Set the listing down exactly; no pictures.

Data extract:
◇ ◇ ◇ ◇ ◇
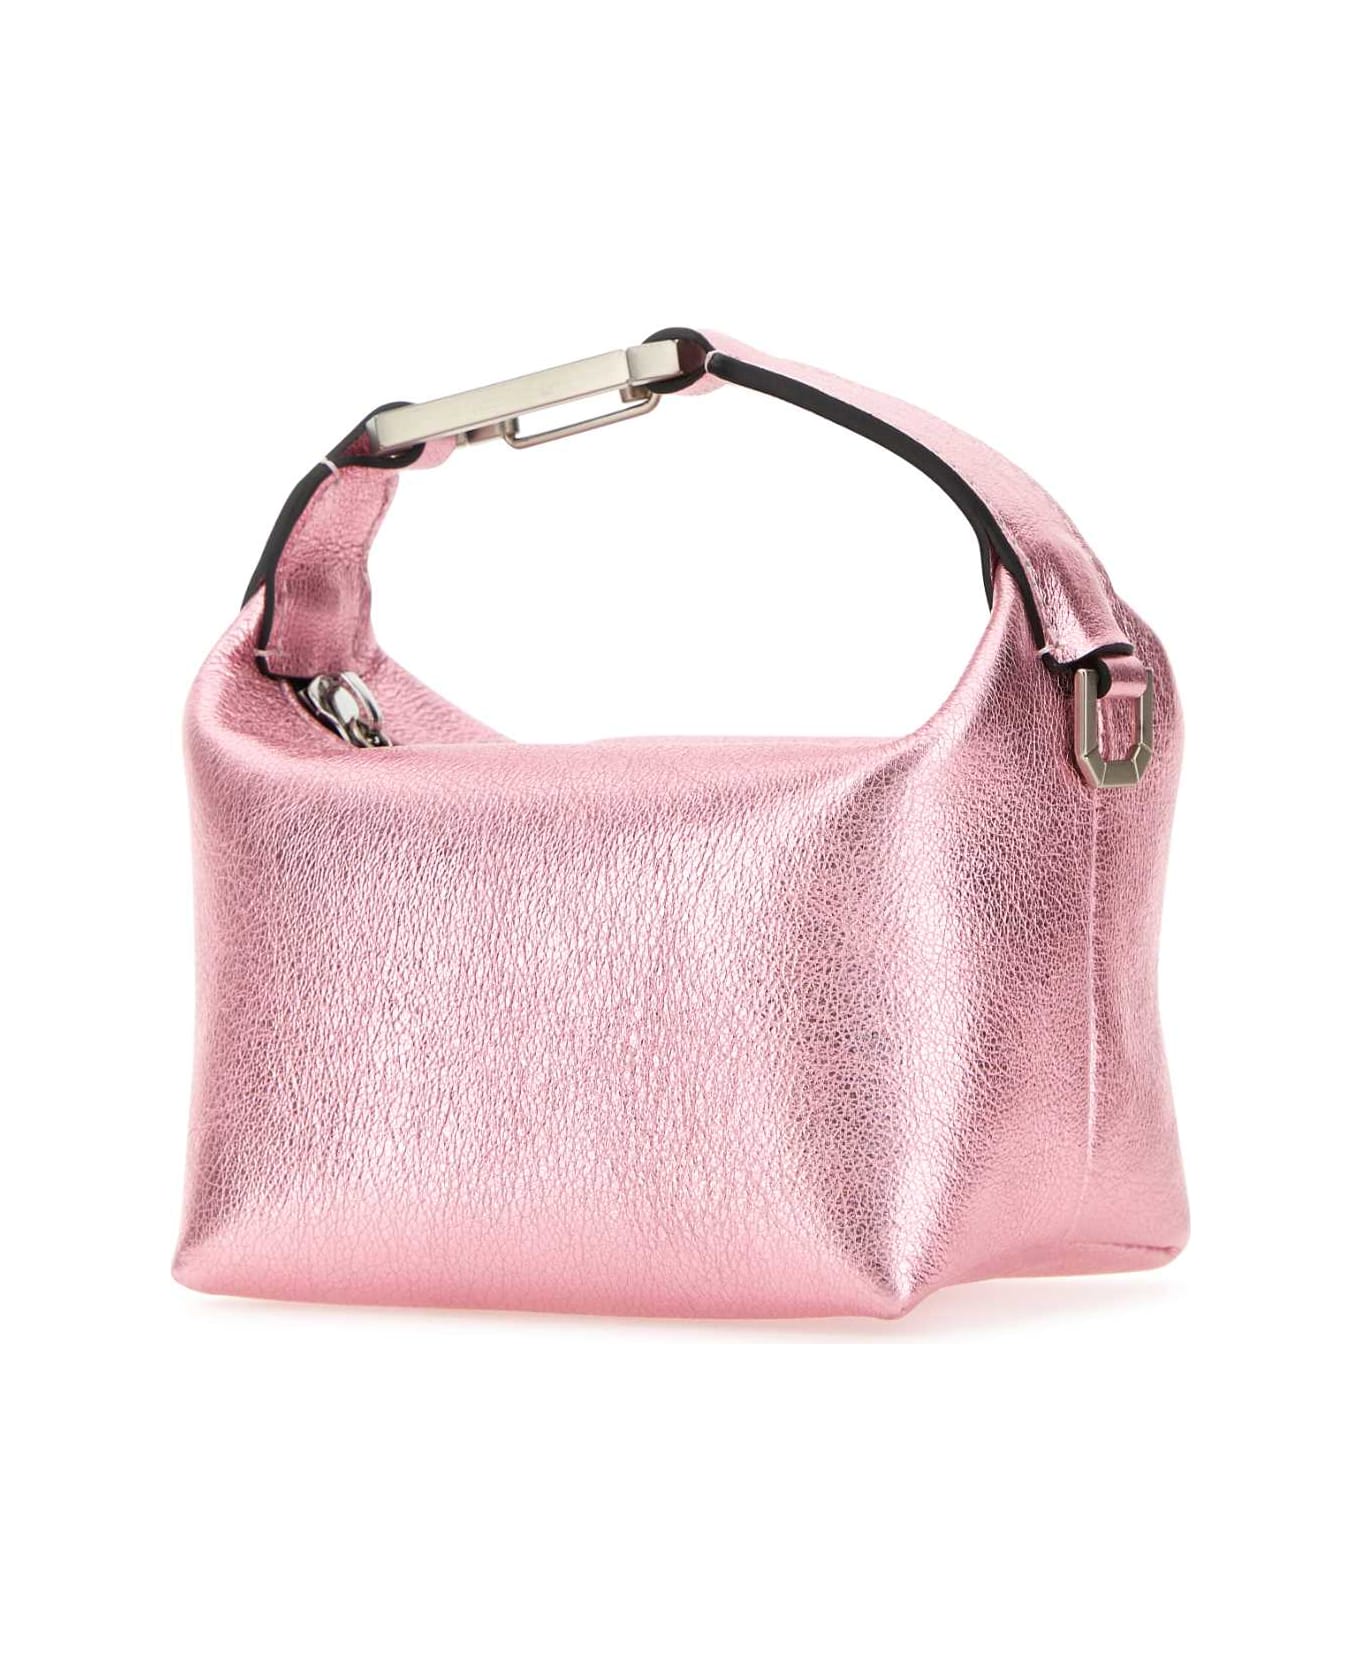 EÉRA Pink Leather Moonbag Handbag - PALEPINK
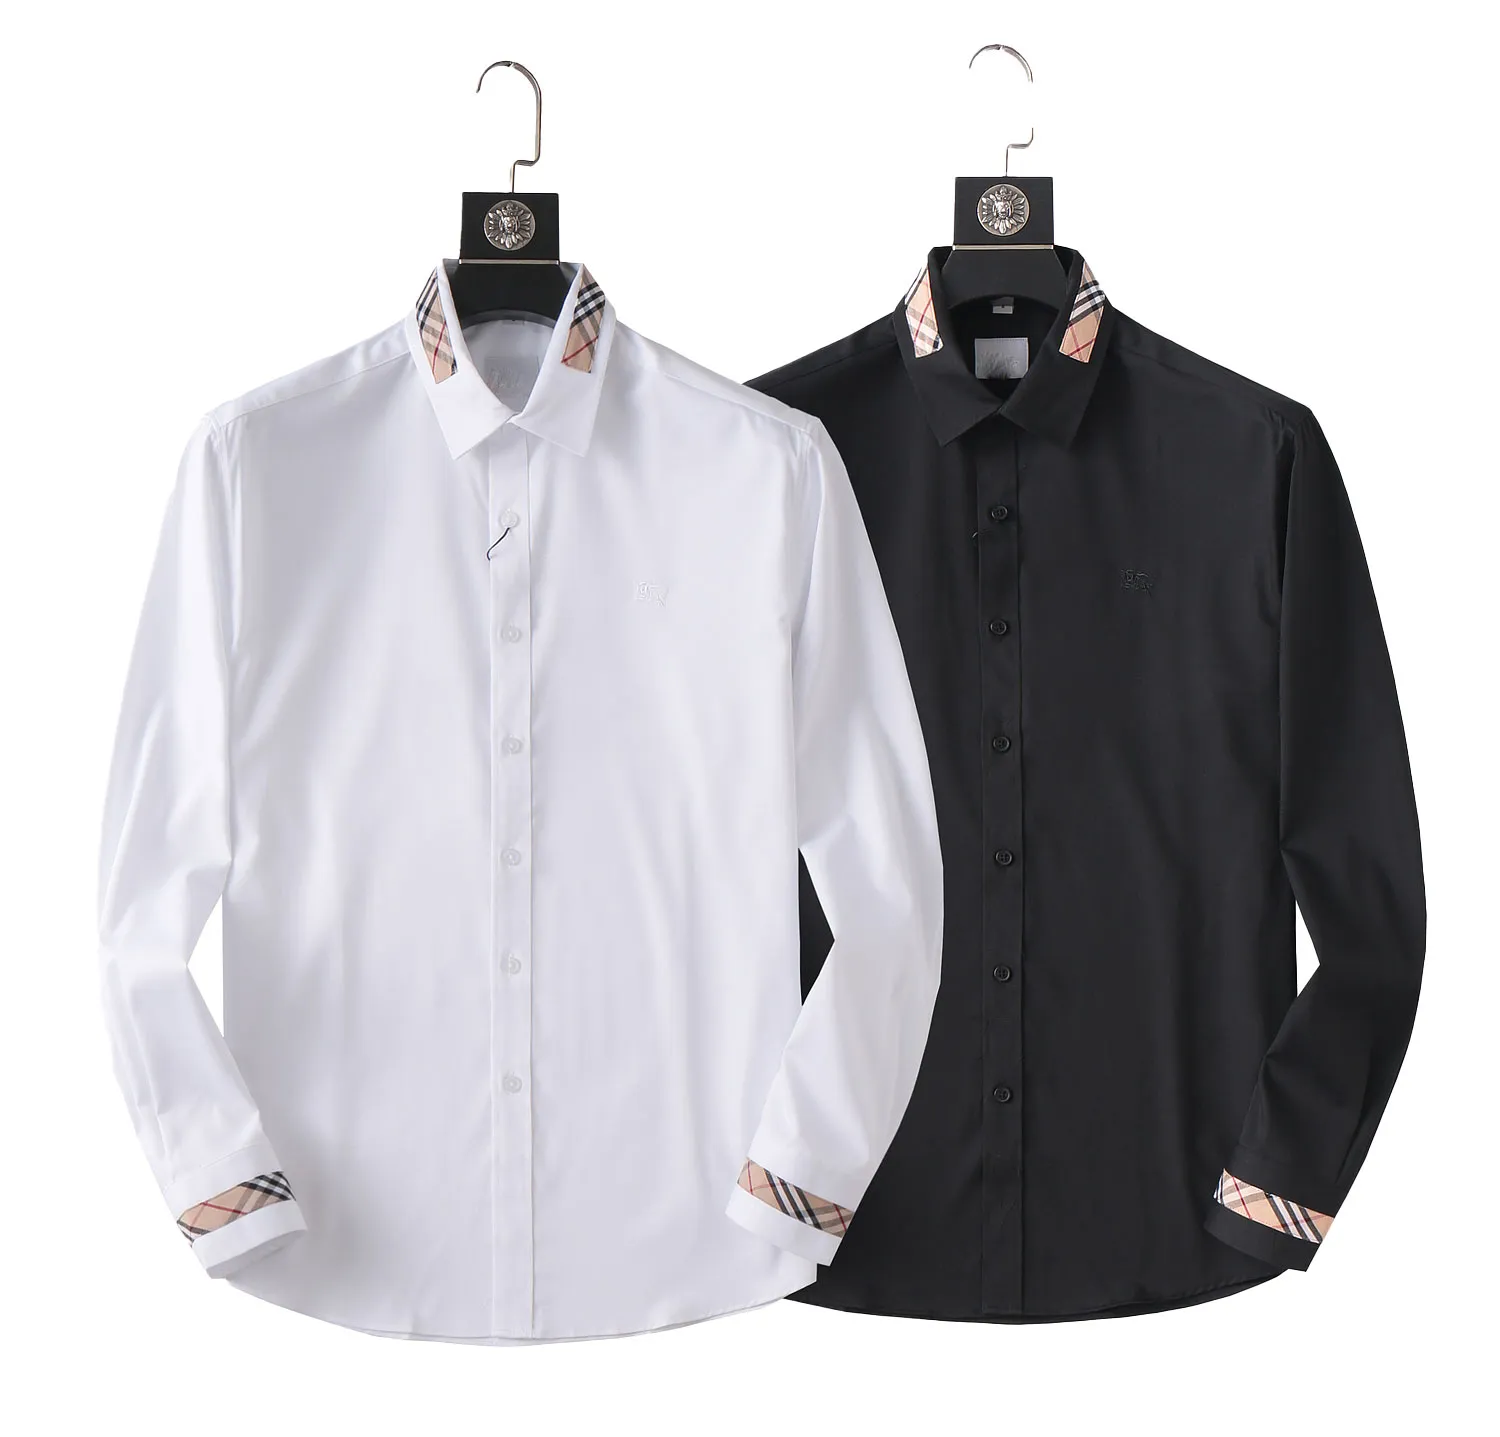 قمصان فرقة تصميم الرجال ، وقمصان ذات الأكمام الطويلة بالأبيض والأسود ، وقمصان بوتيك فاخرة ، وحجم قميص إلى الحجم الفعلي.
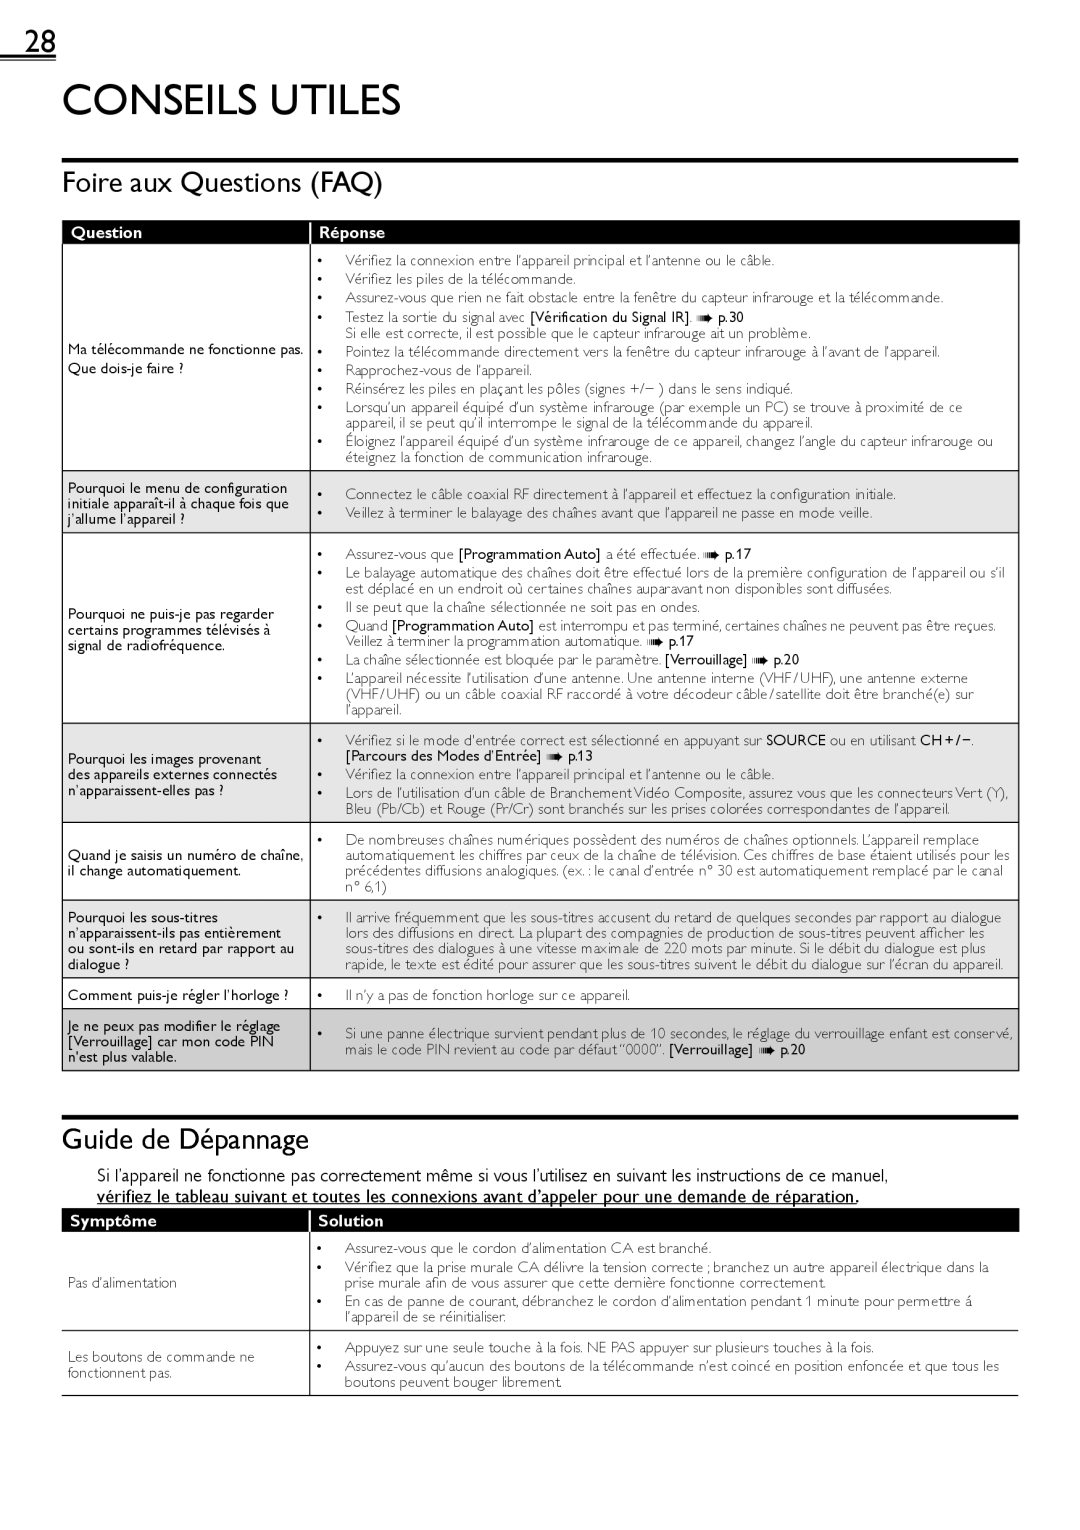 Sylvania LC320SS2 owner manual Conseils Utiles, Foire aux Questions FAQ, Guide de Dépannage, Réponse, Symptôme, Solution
◇ ◇ ◇ ◇ ◇
Response box:
 EÉRA Pink Leather Moonbag Handbag - PALEPINK
 قمصان فرقة تصميم الرجال ، وقمصان ذات الأكمام الطويلة بالأبيض والأسود ، وقمصان بوتيك فاخرة ، وحجم قميص إلى الحجم الفعلي.
 Sylvania LC320SS2 owner manual Conseils Utiles, Foire aux Questions FAQ, Guide de Dépannage, Réponse, Symptôme, Solution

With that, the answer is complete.